Data:
= = = = =

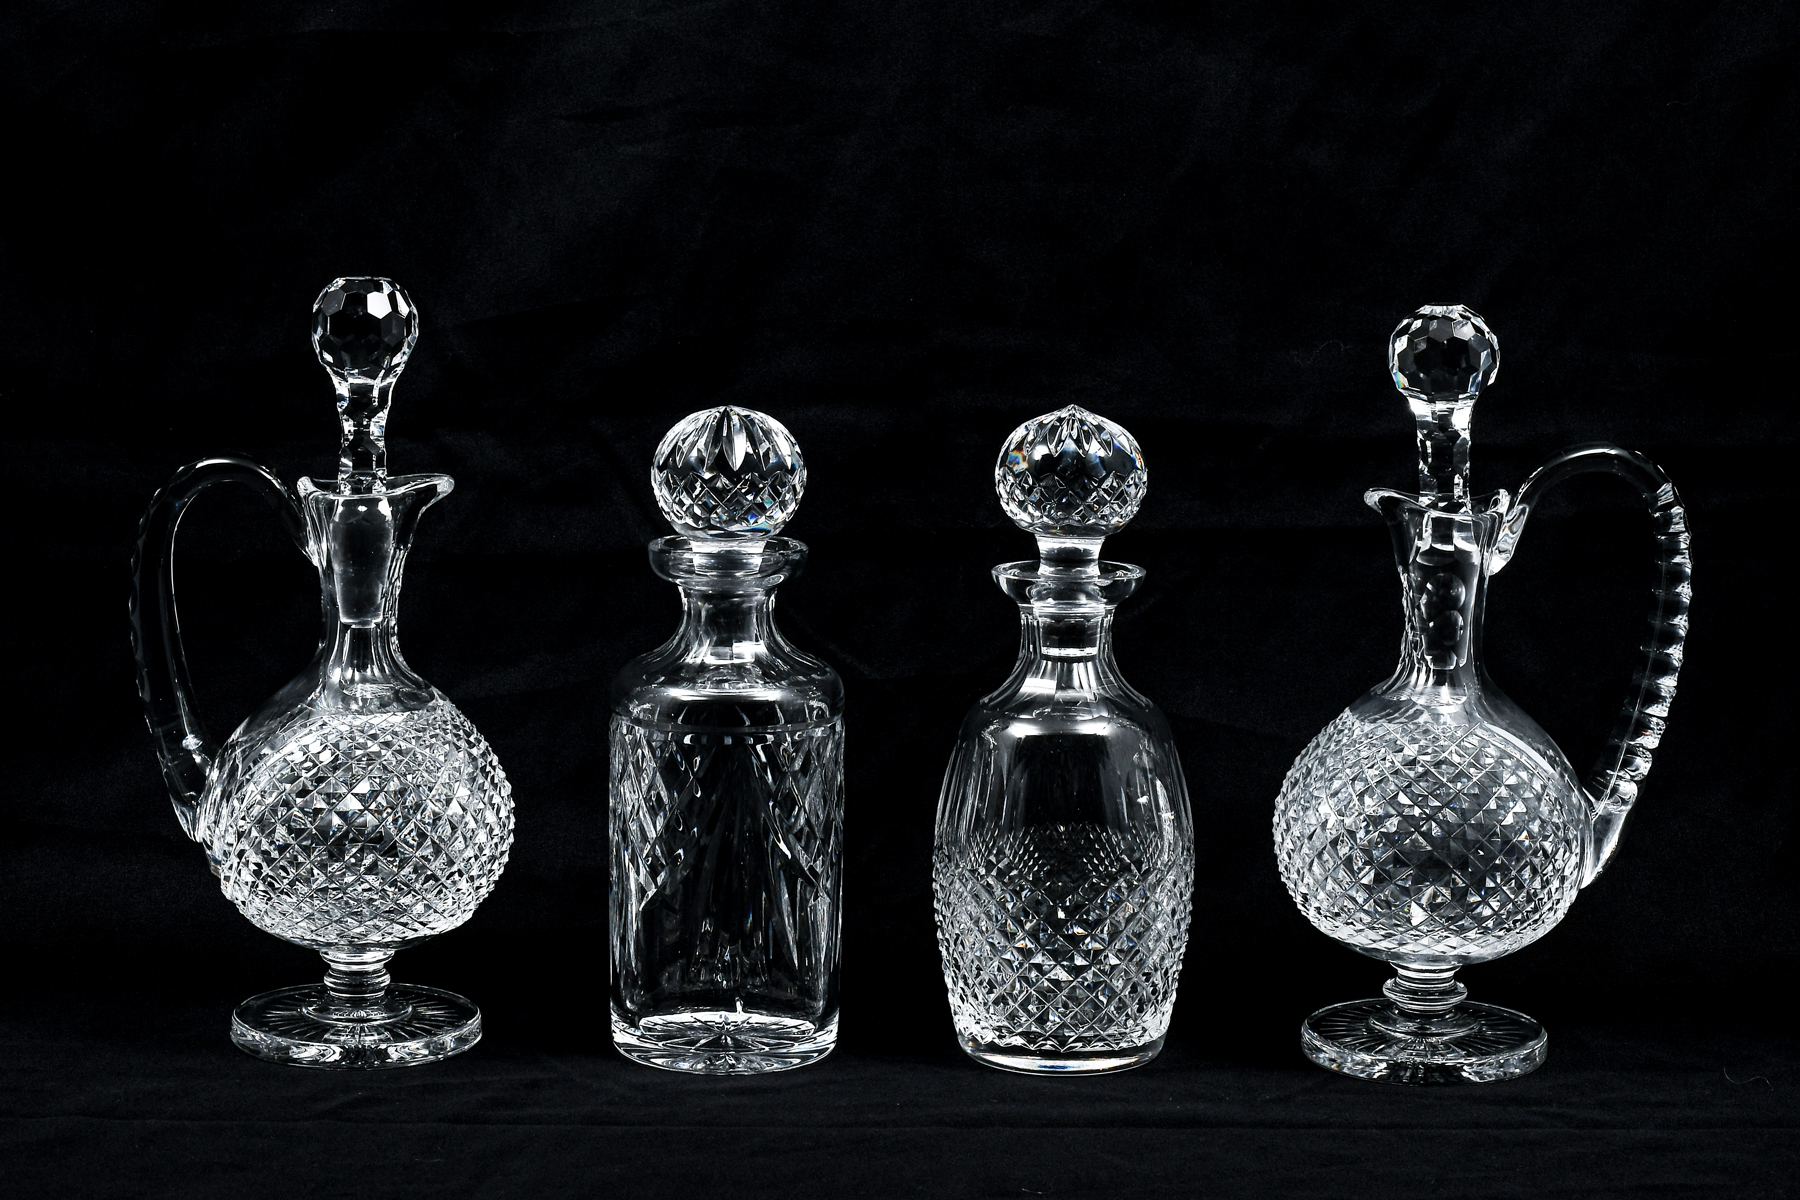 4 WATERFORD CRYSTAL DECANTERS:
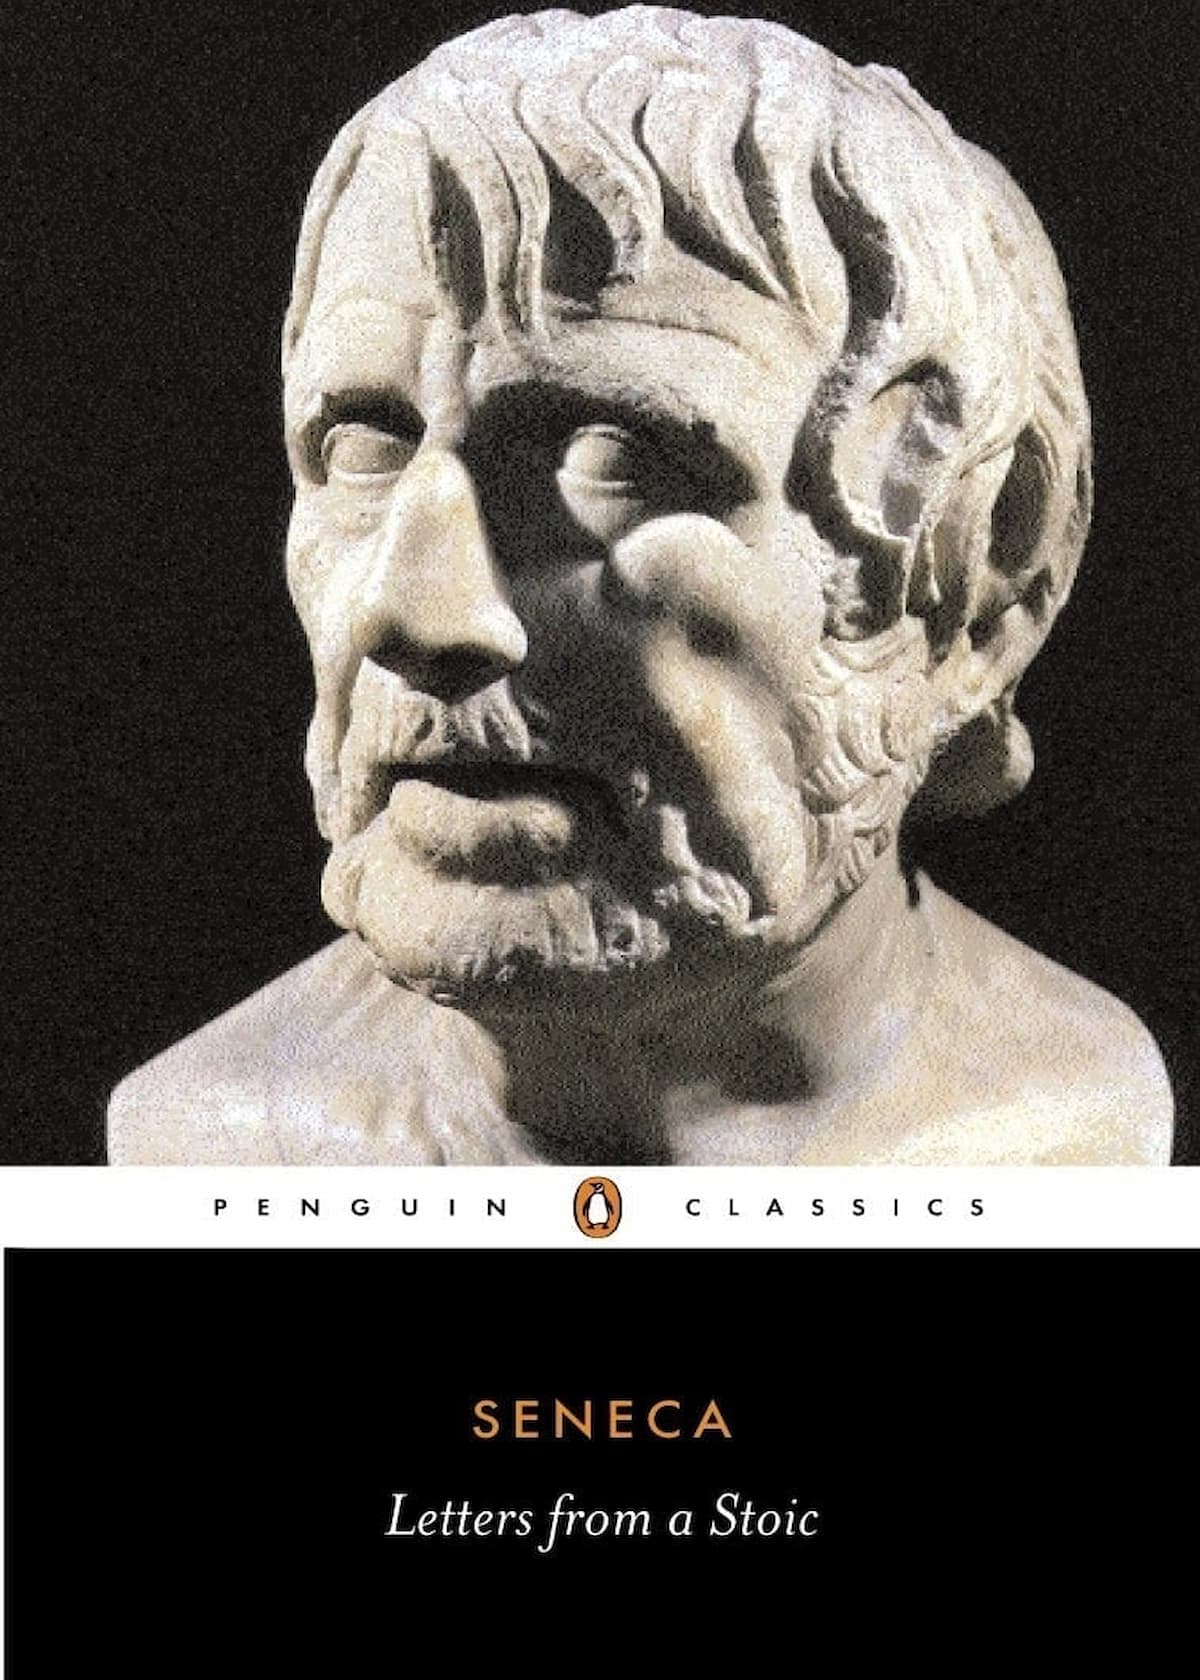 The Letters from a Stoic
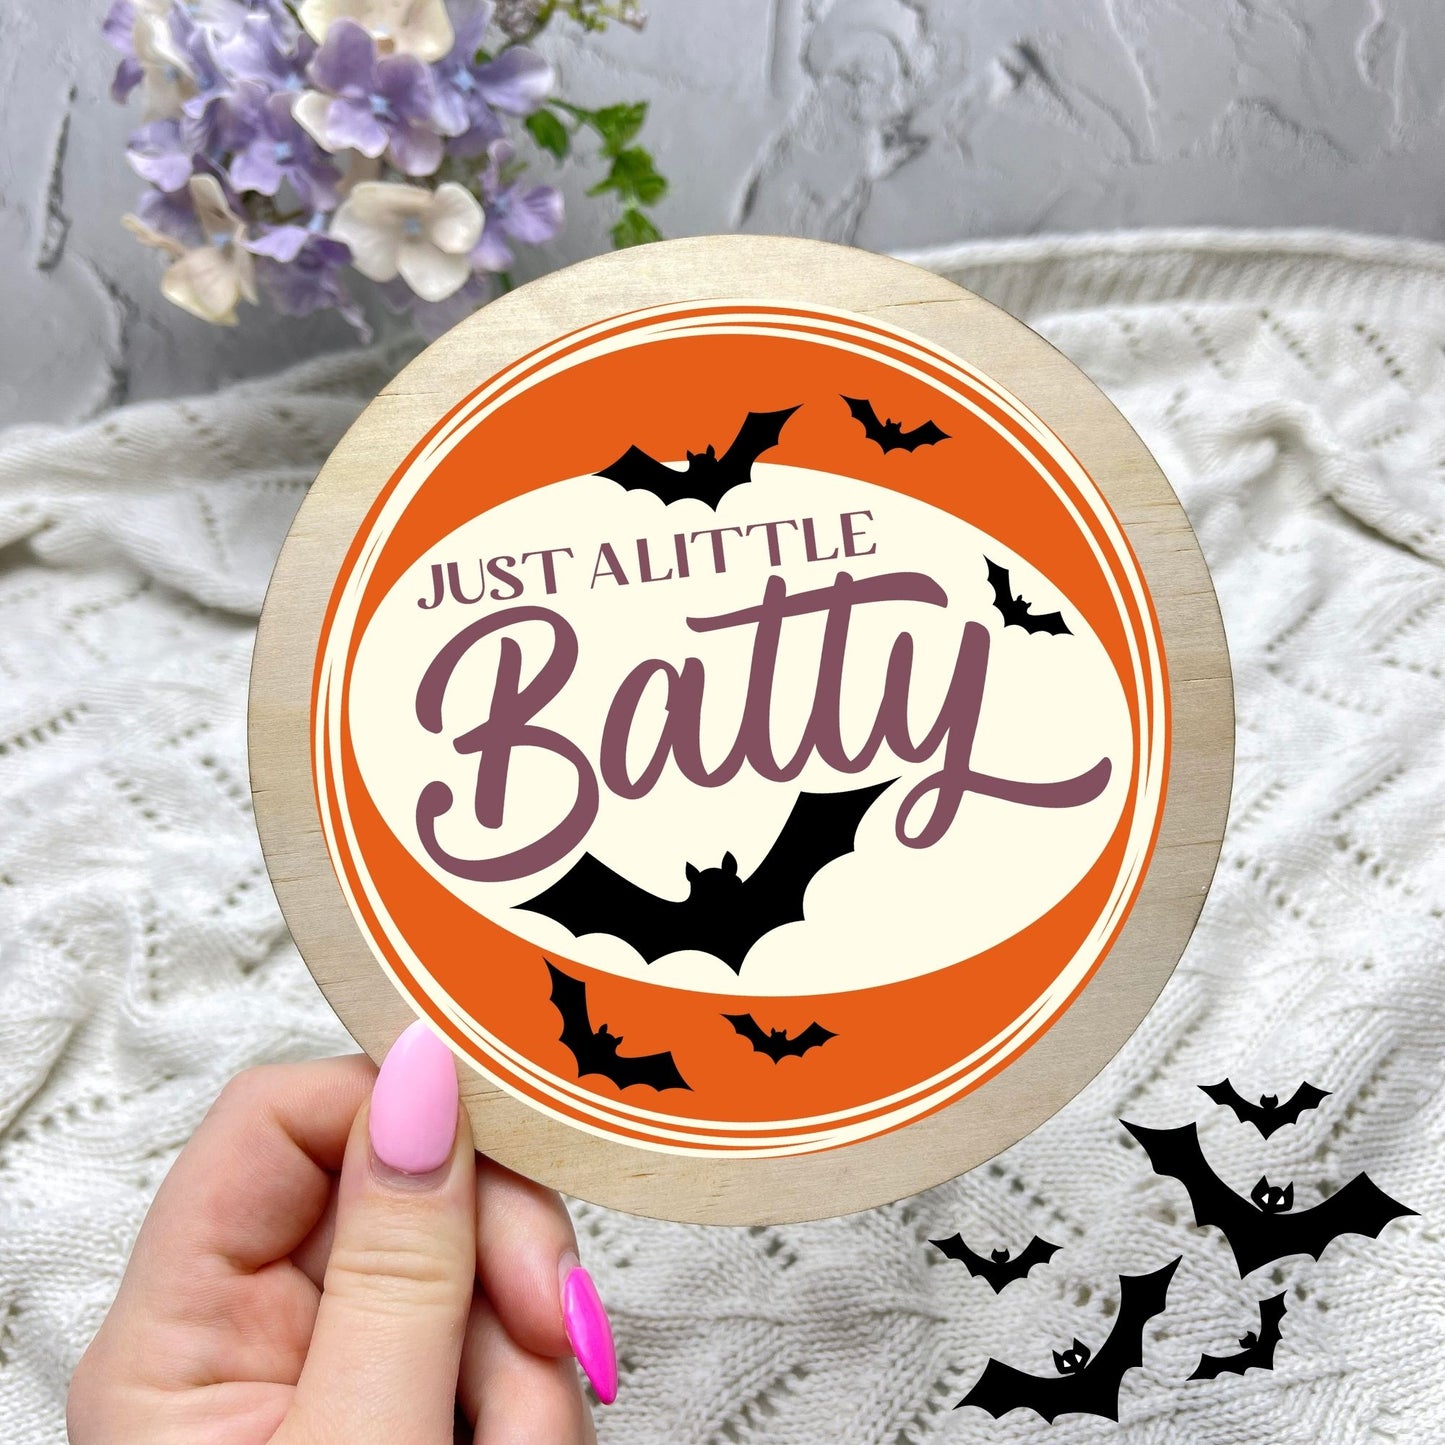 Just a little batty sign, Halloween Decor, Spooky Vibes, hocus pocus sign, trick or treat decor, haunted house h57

= = = = =

What you are asked to do:
Restate word for word only the lines from the one with "The Letters from a Stoic" through the last line of the material, both included. Any picture should be left out.

Written solution:
 The Letters from a Stoic
 Just a little batty sign, Halloween Decor, Spooky Vibes, hocus pocus sign, trick or treat decor, haunted house h57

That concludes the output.